Posted: 21/04/2014 at 09:29

Just cut off all the flowering stems as and when they appear.  Water well and give them a liquid feed as a tonic.  Mulch generously with some good garden comost or well rotted manure after the plants have had a good soaking.   Give them another good mulch in autumn when the crowns have died down.

Glysophate

Posted: 20/04/2014 at 22:46

I garden organically too but I have such persistent weeds creeping in or blown in from surounding arable land and pastures I use glyphosate to clear the paths and major infestations each spring.   However I deeply disapprove of Monsanto so nver use  Roundup.  There are other, cheaper glyphosate based weedkillers out there that do the job.

As No Expert says, why not use it on an area to get you started and maybe put down newspaper, cardboard or black polythene on the rest of your allotment so it'll be ready for you to work later on.   Then you can work at a sensible pace without being overwhelmed.

 

Red ants

Posted: 20/04/2014 at 17:54

If you don't want to be cruel, water the nest with a solution of one small bottle of essential oïl of cloves (paharmacies and health shops) mixed into 10 litres of water.  The ants hate the smell and will move somewhere else. 

Rhubarb Crumble

Posted: 20/04/2014 at 17:50

OH would have cream and ice cream if I let him.  I like either as long as it's real dairy ice cream and I also like real vanilla custard.

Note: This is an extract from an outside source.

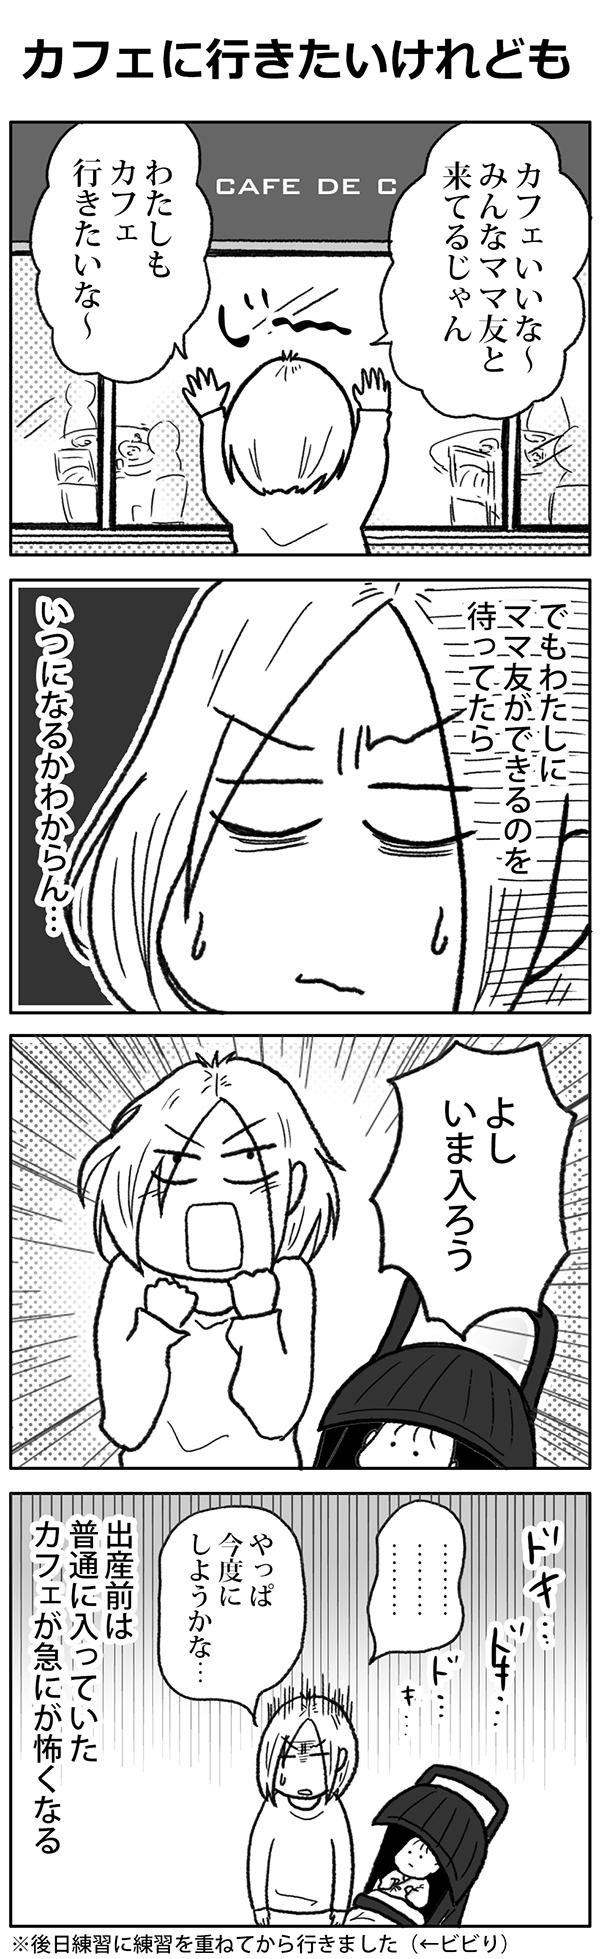 katakrico_93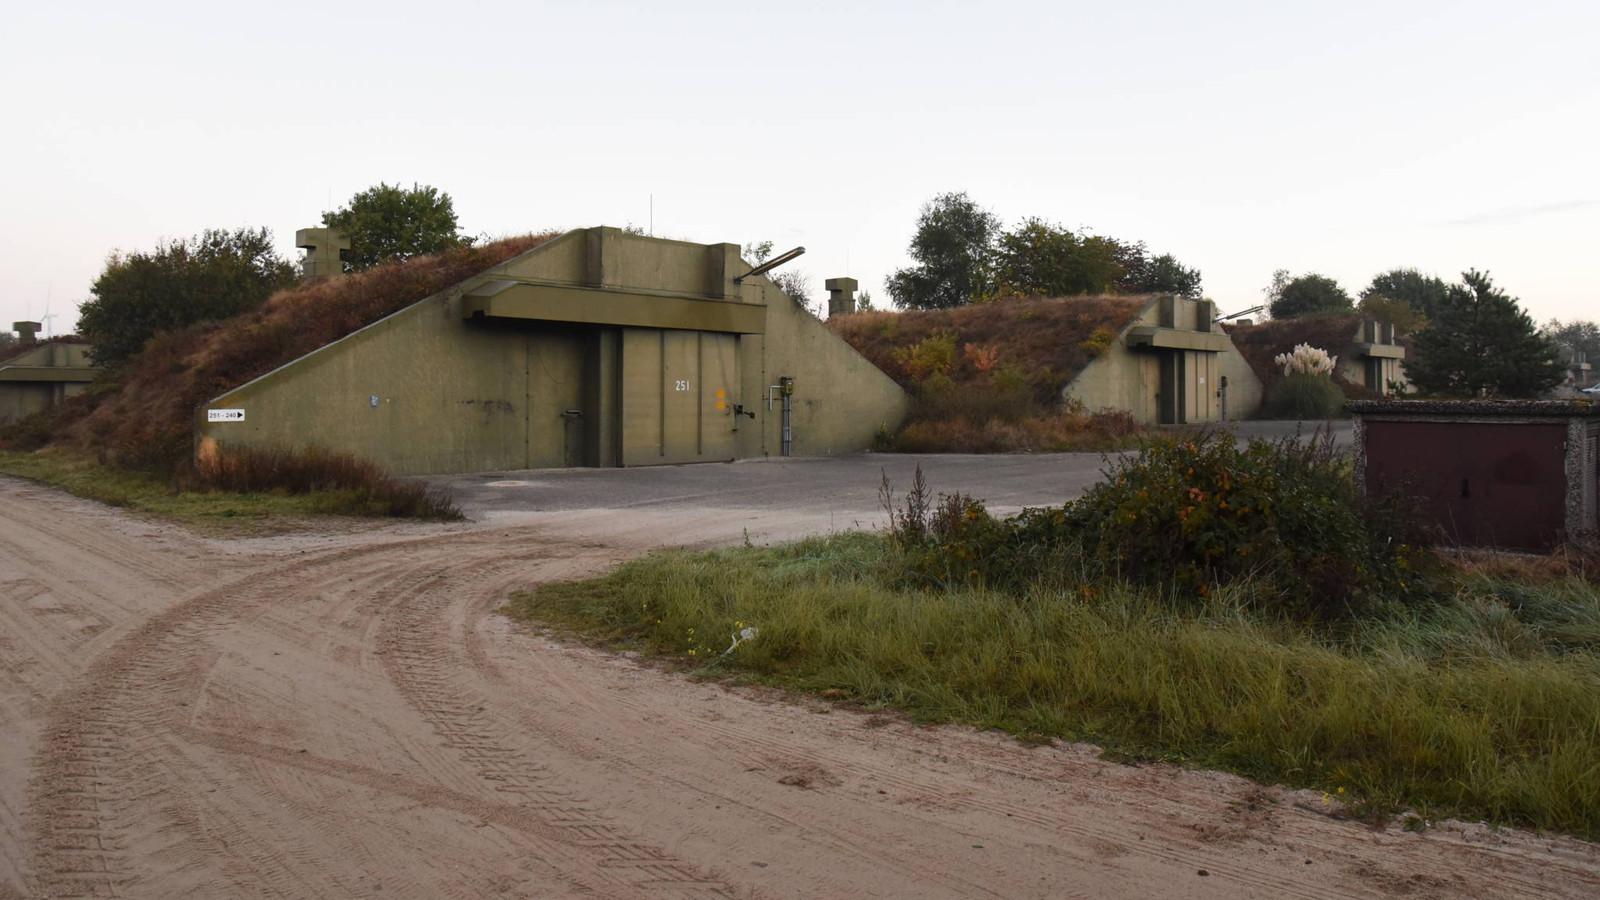 In Duitsland staan honderden van deze oude Navo-bunkers die worden gebruikt voor de opslag van in Nederland verboden knallers voor consumenten.

Just for a change I made rhubarb and strawberry cobbler this weekend and it's luscious.

Roses for posts & rope swags

Posted: 19/04/2014 at 13:58

For swags you need the more flexible stems of ramblers which are usually not repeat flowerers.  I have Malvern Hills from David Austin which is one of the rare repeaters and they also reckon Snow Goose is good - https://www.davidaustinroses.com/english/Advanced.asp?PageId=2058

This one by Peter Beales looks good and would contrast well with the other two - http://www.classicroses.co.uk/products/roses/rambling-rosie/

Wooden Pergola

Posted: 19/04/2014 at 12:48

Honeysuckle very quickly gets shabby looking between the ground and the top of its supports as it puts all its energy into flowering at the top.    It's good for scrambling into trees and other rustic supports but I don't think it sits well with a pergola.  It is entirely your choice of course but I'd go for something that will perform well lower down the stems and not just at neck craning height and that can be kept in shape by gnetle pruning rather than major hacking which you honeysuckle will eventually need.